The word ‘nigger’ felt like sandpaper rubbing an open wound on Jim’s skin.  He turned to the empty street and wished his father hadn’t come to the game.

– Nobody’s in Wilt’s class. Never seen anybody like him.  He just goes over everybody.

Gerry parked the car in front of the row of houses that he described as ‘a brick cigar box.’ Jim numbed himself like his hero Jim Stark entering the house with his eyes cast to the floor.  The black-and-white linoleum squares and the eggshell white cabinets in the kitchen were the same as all the other houses on Osage Avenue.  His mother stood absent-mindedly at the sink with a fork in her hand as Jim hung his jacket on the door.

– They won by a point, Jim made the winning shot.

– He did, did he?  That’s a blessing.  Wha’ can I fix ya to eat, lad?

Marcia Collins used an Irish brogue sometimes when she was happy, even though she was second generation Philadelphia Irish.

– Somethin’ quick.  Meetin’ the guys at Dinger’s.

– Always in a rush.  You spend a lotta money on meals you could eat at home.  Sit down and I’ll make ya a sandwich.  Howse about a Butter Burger?

– All right.

Jim agreed to a frozen beef sandwich congealed with margarine that was the usual game-night menu.  Eating in silence broken now and then by Marcia’s questions, Jim and Gerry answered tersely, occasionally looking to each other for agreement.  Jim finished, got up from the table and grabbed his red jacket.

– See ya Ma, Dad.  I’ll be home around 1.  Can I have the car?

– No.  Be back by midnight.

Gerry looked up, then took another bite.
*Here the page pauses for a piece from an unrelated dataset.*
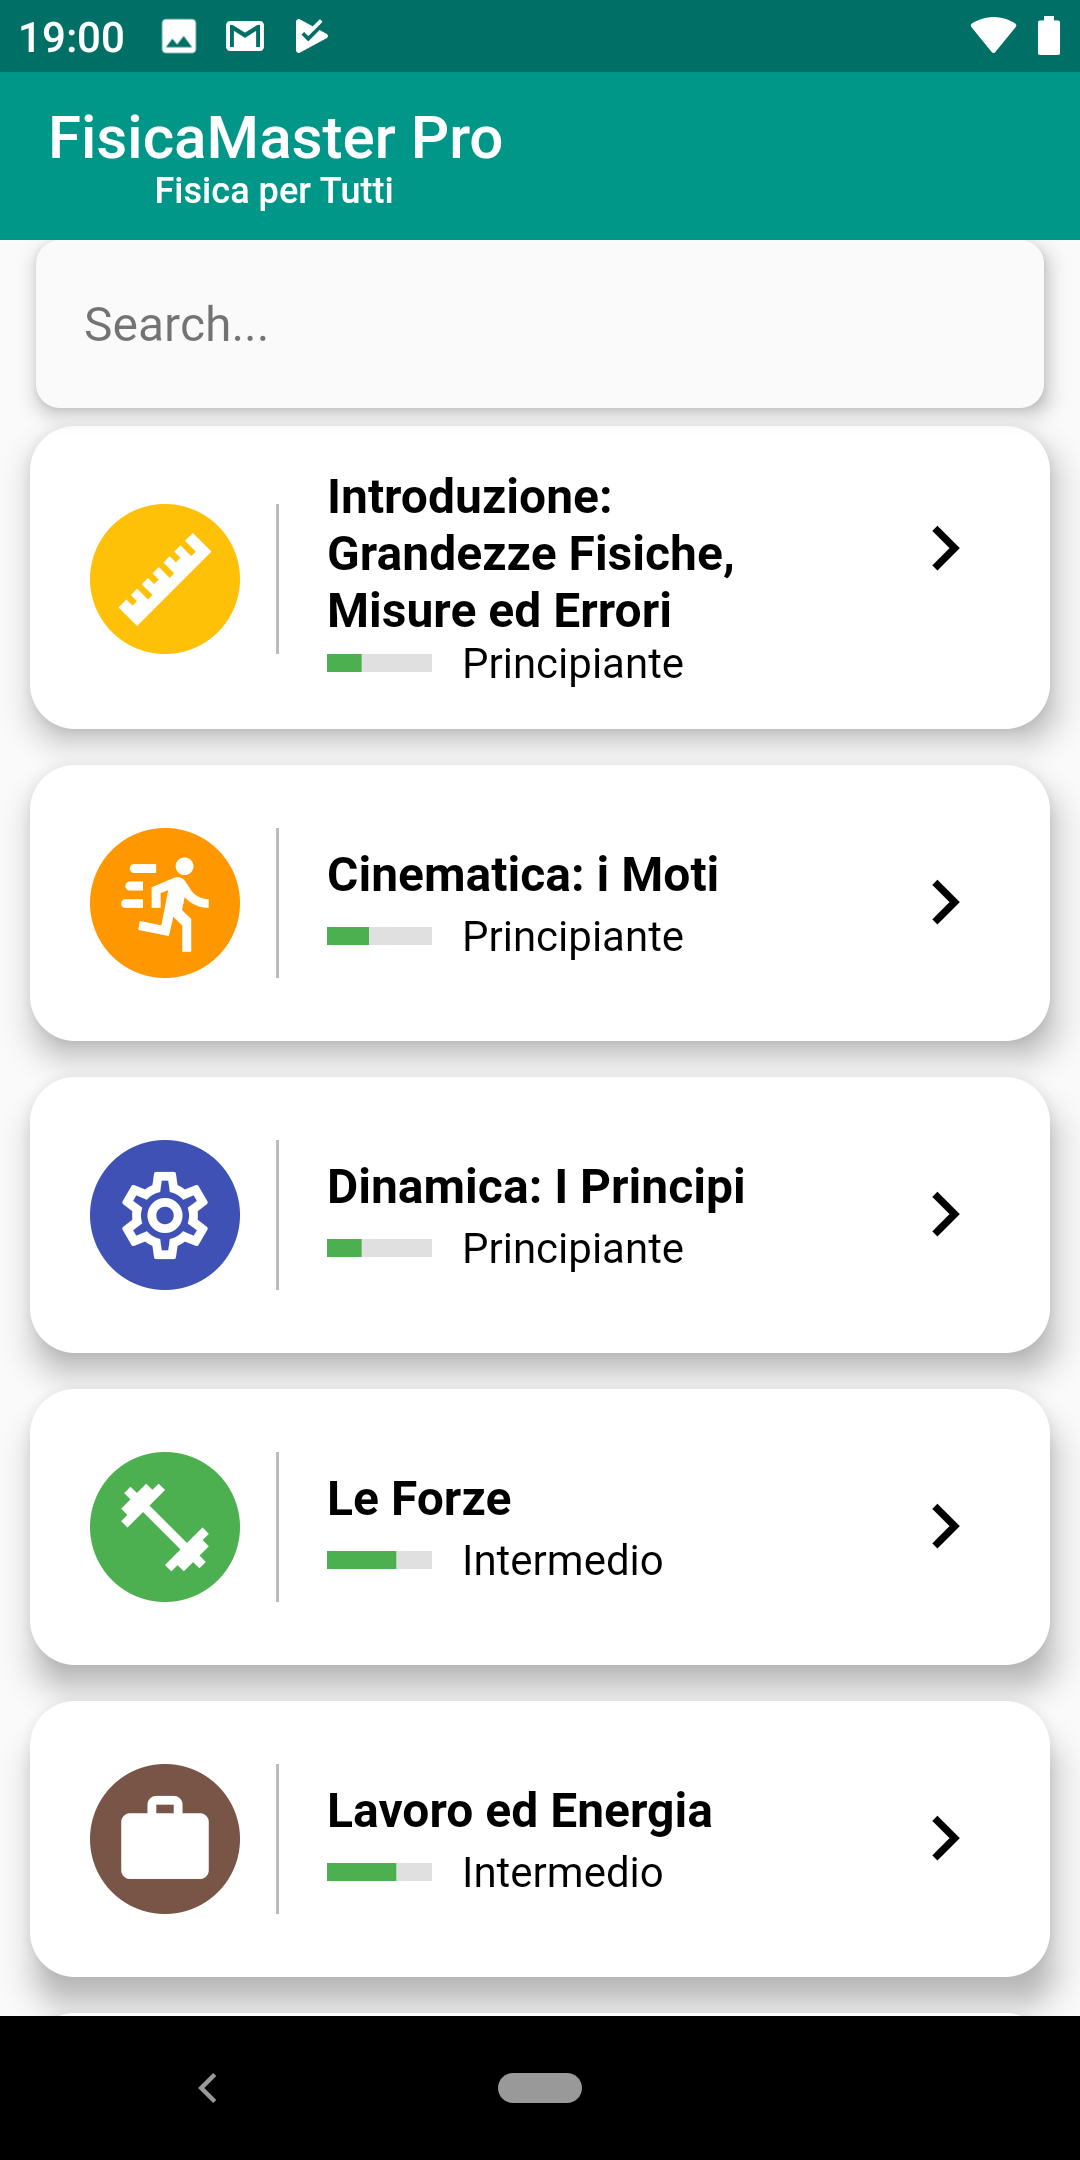 جديد التطبيقات: FisicaMaster Pro يسمح لك بتعلّم وحل التمارين الفيزيائية في أندرويد

Margarine oozed from the corner of his mouth.

– How about tomorrow?

Asking was Jim’s ploy. It was tomorrow night that he really wanted the car.

– We’ll talk about it later.

His father mumbled through his full mouth.

Opening the kitchen door onto the landing shared with the Kaplan’s house next door Jim bounced down black cast-iron steps to the alley between his row of houses and the next row on Comly Street.  At the corner an emaciated oak tree stood watch like a lonely sentinel over the backboard Jim had nailed to a streetlight. He nodded to the tree promising to work on his foul shooting over the weekend even though 5 for 7 wasn’t bad. Although he hadn’t argued about the missed foul shots, he was pissed for the way his father had of turning good things into bad.  He hastened his pace to ward off the night’s chill.

Dinger’s hoagie shop was flooded with fluorescent light. Jim closed the door squinting.  A white metal and glass case was filled with cold cuts and cheeses in the front of the store.  The case butted up against a white Formica service counter where the cold cuts were wrapped to be taken home.  On the right were several white shelves stocked with bread, rolls, and snacks.  Six red naugahyde booths, a Formica soda fountain lined with red faux-leather chrome stools, a grill for cooking and a pinball machine filled out the rest of the space. The back of the store was an adolescent playground filled to overflowing.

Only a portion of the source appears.